This directory contains the alphanumeric database (aka "census" aka "an4") recorded at Carnegie Mellon University circa 1991. This database is described in details in "Acoustical and environmental robustness in automatic speech recognition", by Alex Acero, published by Kluwer Academic Publishers, 1993.
Subjects were asked to spell out personal information, such as name, address, telephone number, birthdates, etc. They were instructed to not use their actual numbers. In addition to these, subjects also spoke randomly generated sequences of words containing control words. The database used internally at CMU has 1018 training and 140 test utterances, whereas the database provided here has 948 training and 130 test utterances. The sentences containing social security numbers were removed, just in case any of the subjects did not follow the advice to use a fake number.
All data are sampled at 16 kHz, 16-bit linear sampling. All recordings were made with a close talking microphone.
Each of the compressed tar files contains data in one of the following formats:
*.raw : audio files in raw format (linear PCM, no
header).*.sph : audio files in NIST's Sphere
format.*.mfc : audio files encoded in mel cepstral coefficients.The contents of each directory are described individually below. At the top level, you will find:
wav or feat The wav directory contains audio in one of the formats (NIST's Sphere, raw big endian, raw little endian). The feat directory contains the same data, but in cepstra format.
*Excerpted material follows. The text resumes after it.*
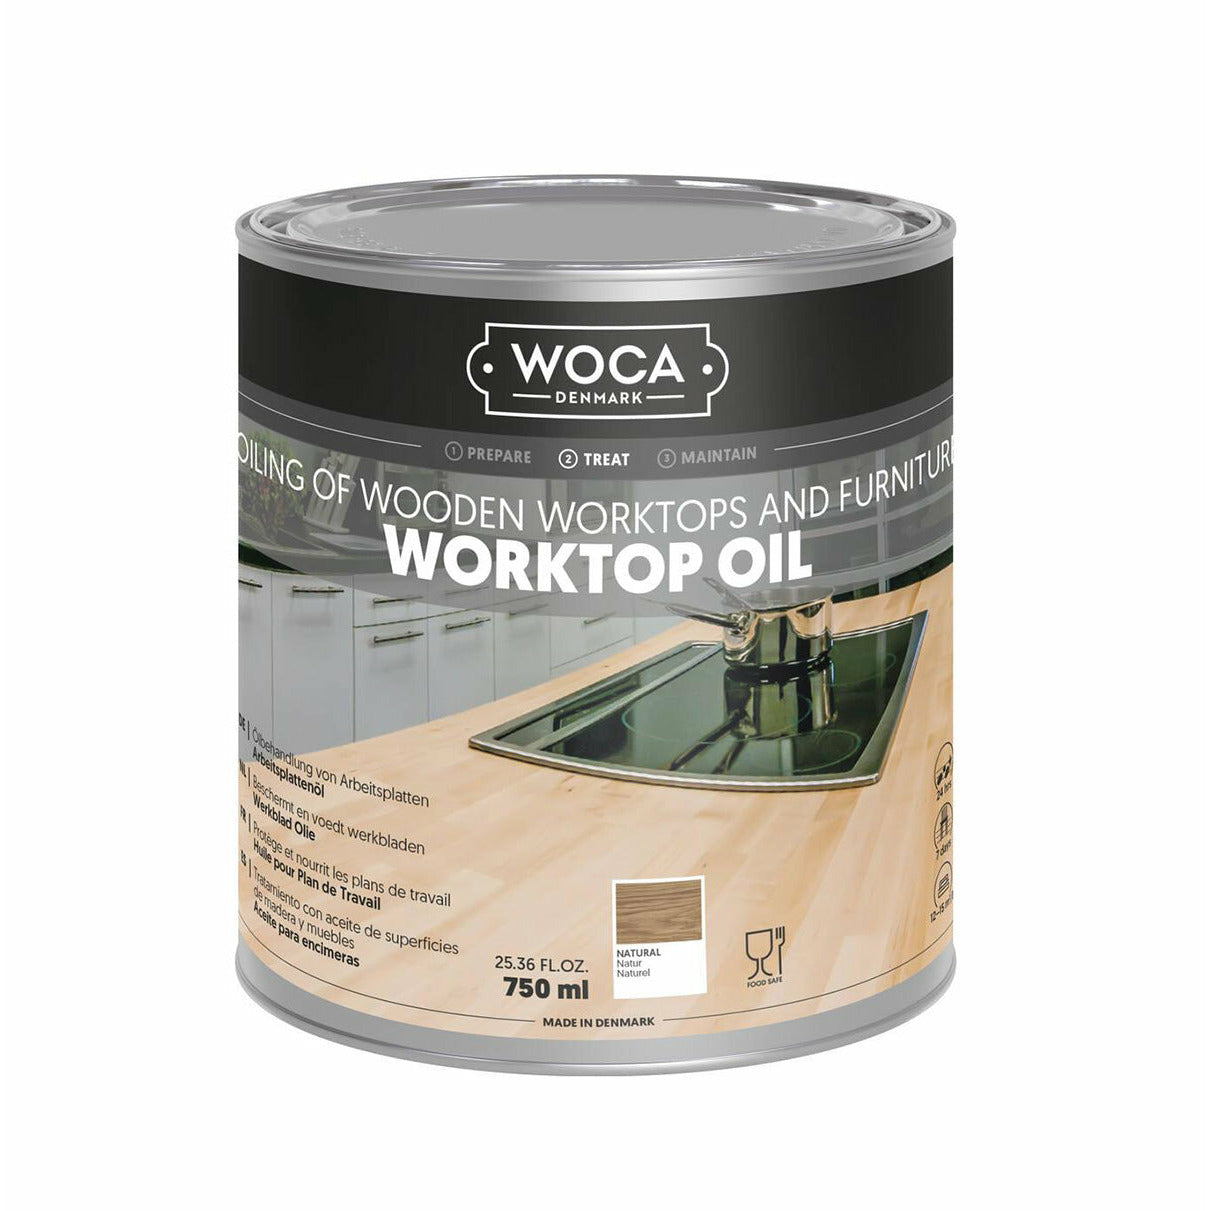 Muubs Worktop Oil natural Woca 750 ml - Natural - Olie - H: 12 Ø: 11 cm - DesignGaragen.dk.

Each package contains only one of wav or feat.
etc This directory contains the transcriptions, control files, dictionary, phone list, and flat unigram language model, for both training and test data where appropriate.
Under wav or feat, you will find:
an4_clstk The directory with training data has 74 sub-directories, one for each speaker. 21 of them are female, 53 are male. The total number of utterances is 948, and the average duration is about 3 seconds, totalling a little less than 50 minutes of speech.
an4test_clstk The directory with test data has 10 sub-directories, one for each speaker. 3 of them are female, 7 are male. The total number of utterances is 130, totalling around 6 minutes of speech.